Solving the Two-dimensional Single Stock Size Cutting Stock Problem with SAT and MaxSAT
The Two-Dimensional Single Stock Size Cutting Stock Problem (2D-CSSP) is a significant challenge in manufacturing, encompassing the task of efficiently cutting rectangular items from stock sheets to fulfill specific demands while minimizing waste. This problem expands on the traditional bin packing approach, necessitating multiple copies of each item type, which leads to complex combinatorial challenges. Recent advancements in SAT (Boolean Satisfiability Problem) and MaxSAT (Maximum Satisfiability Problem) provide promising frameworks for addressing these challenges effectively.
Understanding the 2D-CSSP
The 2D-CSSP requires not only the arrangement of items within a given sheet but also the assignment of each item copy to a specific sheet. This adds layers of complexity, especially when considering non-overlap constraints, which ensure that items do not interfere with one another when placed on the same sheet.
Innovative SAT Framework
The proposed SAT-based framework enhances the problem-solving process by expanding item types according to demand. Each copy of the item is represented by a sheet-assignment variable, and constraints for non-overlapping items are activated solely for those assigned to the same sheet. This strategic approach allows for a more organized and efficient way of tackling the combinatorial explosion inherent in 2D-CSSP.
Infeasible-Orientation Elimination Rule
An important advancement in this research is the introduction of the infeasible-orientation elimination rule. This rule simplifies the problem by fixing rotation variables when only one orientation can fit the sheet, thus reducing unnecessary complexity in the solution space. This contributes significantly to the efficiency of the SAT formulations employed.
Comparative Approaches for Minimizing Sheets
The research compares three different approaches for minimizing the number of sheets required:
- Non-incremental SAT with Binary Search: This method explores the solution space iteratively, allowing for a straightforward determination of the optimal solution.
- Incremental SAT with Clause Reuse: By reusing clauses across different iterations, this approach enhances efficiency and reduces computation time.
- Weighted Partial MaxSAT: This method focuses on maximizing the satisfaction of the constraints while minimizing waste, providing a flexible approach to the problem.
Results and Performance
The results of the study, particularly on the Cui-Zhao benchmark suite, demonstrate a significant improvement in performance.

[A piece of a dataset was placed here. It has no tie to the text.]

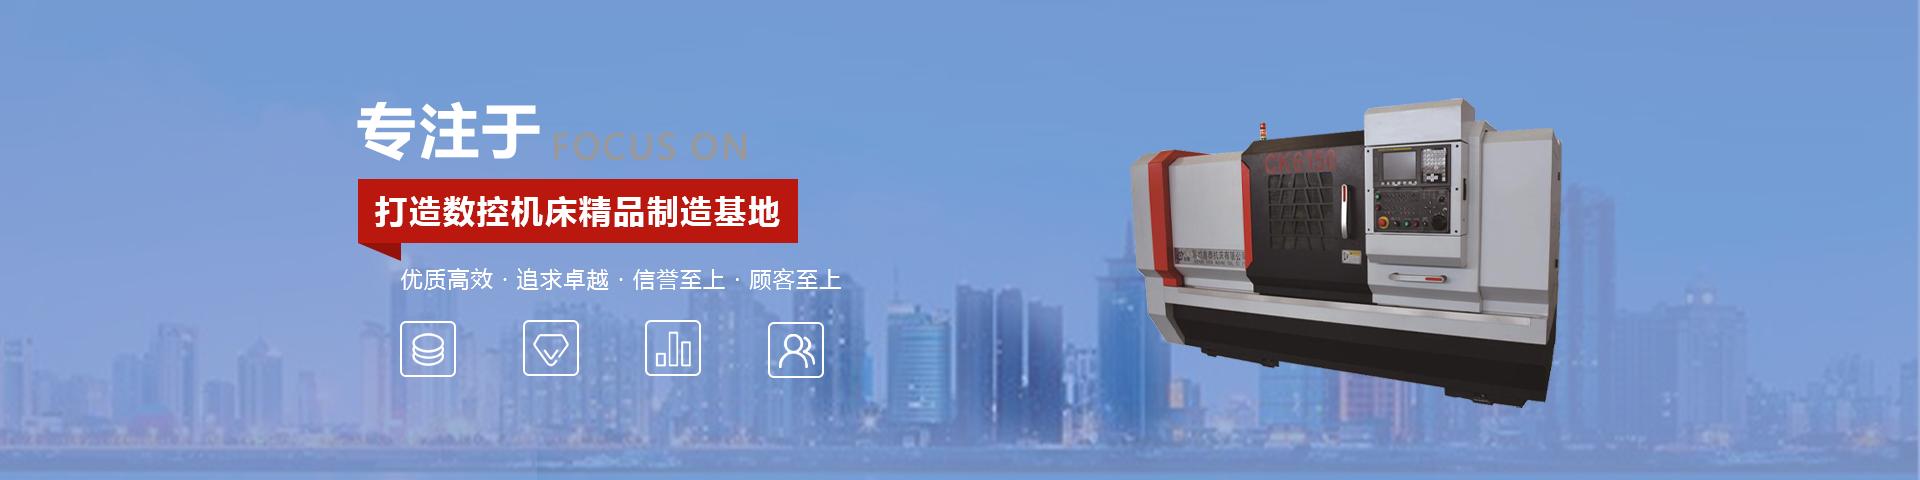 聊城鑫泰机床有限公司,高精度齿轮,工业机器人自动化
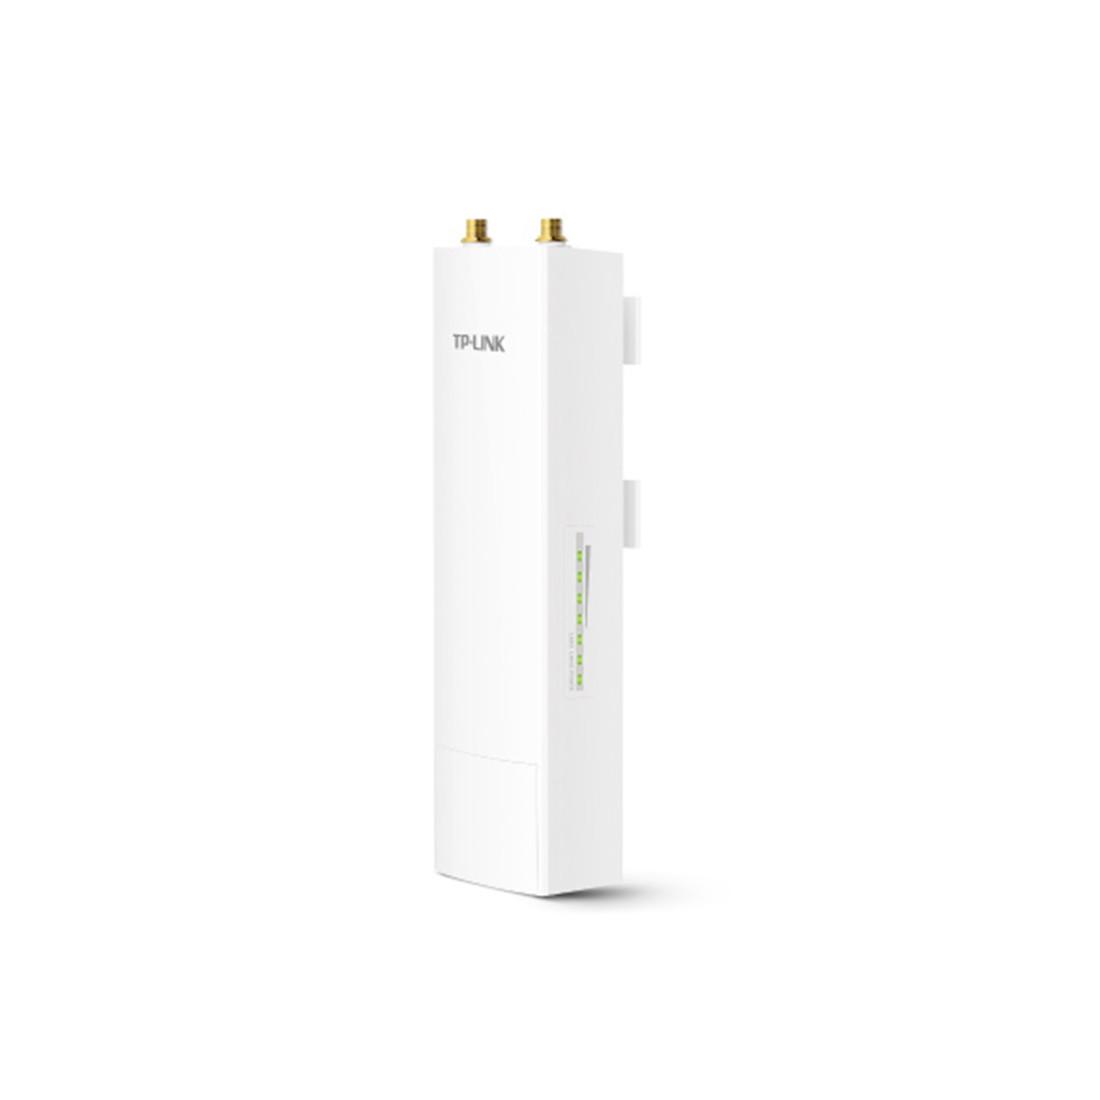 TP-Link WBS510 5 ГГц 300 Мбит/с Наружная беспроводная базовая станция

The best configurations of SAT not only certified two to three times more instances as provably optimal but also achieved lower optimality gaps when compared to established solvers such as OR-Tools, CPLEX, and Gurobi.
Conclusion
The findings indicate that the effectiveness of SAT approaches varies based on the presence of rotation. Specifically, incremental SAT outperforms in scenarios without rotation, while non-incremental SAT proves to be more effective as the complexity of rotation increases. This research provides valuable insights and methodologies for future studies aimed at solving complex cutting stock problems using advanced SAT and MaxSAT techniques.